Lamenting the loss of the paper boarding pass

Being a tech geek, I suppose I should wildly cheer the completely unsurprising news that paper boarding passes at airports will soon be a thing of the past, and everyone will be ushered into the glorious new era of all-electronic boarding passes on our phones, in our electronic wallets and in our airline apps.

But there's a part of me that isn't cheering this news at all. I actually like paper boarding passes.

For starters, paper boarding passes almost always scan the first time at security and at the boarding gate. I can't tell you the number of times I've been in an airport security line and someone spends 30 seconds fiddling with the brightness screen on their smart phone so that their electronic boarding pass will scan.

Or that one time I saw a person try to repeatedly scan their boarding pass at security on their Apple Watch for what seemed like five hours (I'm sure it was 20 seconds, but it was 20 excruciating seconds) before the individual actually took off the watch to re-position it for the scanner and trying again. They succeeded. Finally.
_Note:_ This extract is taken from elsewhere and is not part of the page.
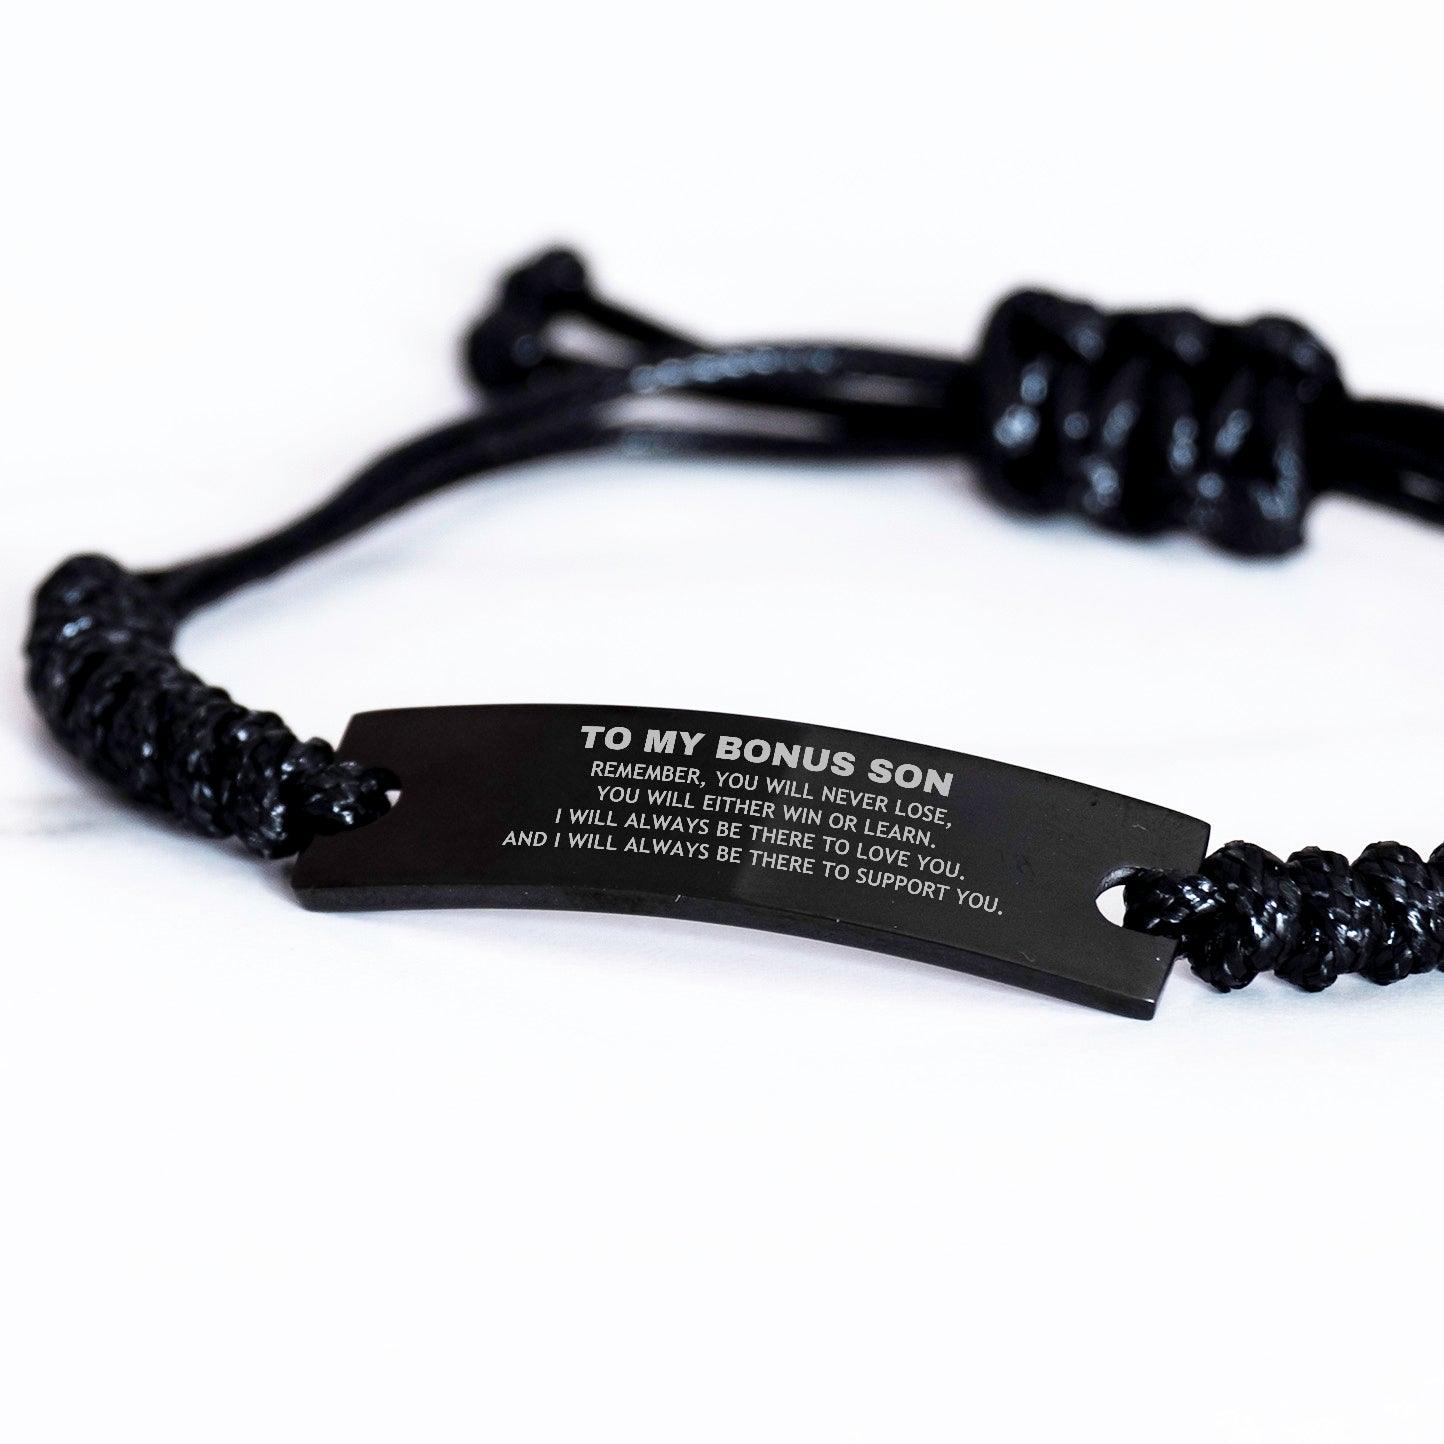 Bonus Son Gifts, To My Bonus Son Remember, you will never lose. You will either WIN or LEARN, Keepsake Black Rope Bracelet For Bonus Son Engraved, Birthday Christmas Gifts Ideas For Bonus Son X-mas Gifts - Mallard Moon Gift Shop

I vividly remember promising myself, "I will never be that person."

I've also encountered issues before trying to check in online in the US or overseas, necessitating me having to go to a check-in counter at an airport, where they dutifully print me a paper boarding pass anyway.

Not to mention that I have never been comfortable having security scan my iPhone for the boarding pass and then dropping my iPhone loose in the security bin to go through the X-ray gizmo. When I go through security, my iPhone is always securely tucked away in a deep zippered pocket of my carry-on or backpack.

Now maybe if electronic boarding passes evolved to being more like Apple Pay and I don't need to "scan" so much as just "put my phone near the security reader" and have my boarding pass authorized... that would be an improvement. But as of right now? I'll print out a boarding pass every day of the week, and then load the e-version on my iPhone purely as a backup.

There's another advantage to a paper boarding pass - they make great bookmarks for paperback books, while reading on the plane or at the pool.

Oh, yes, I still read paperbacks on vacation.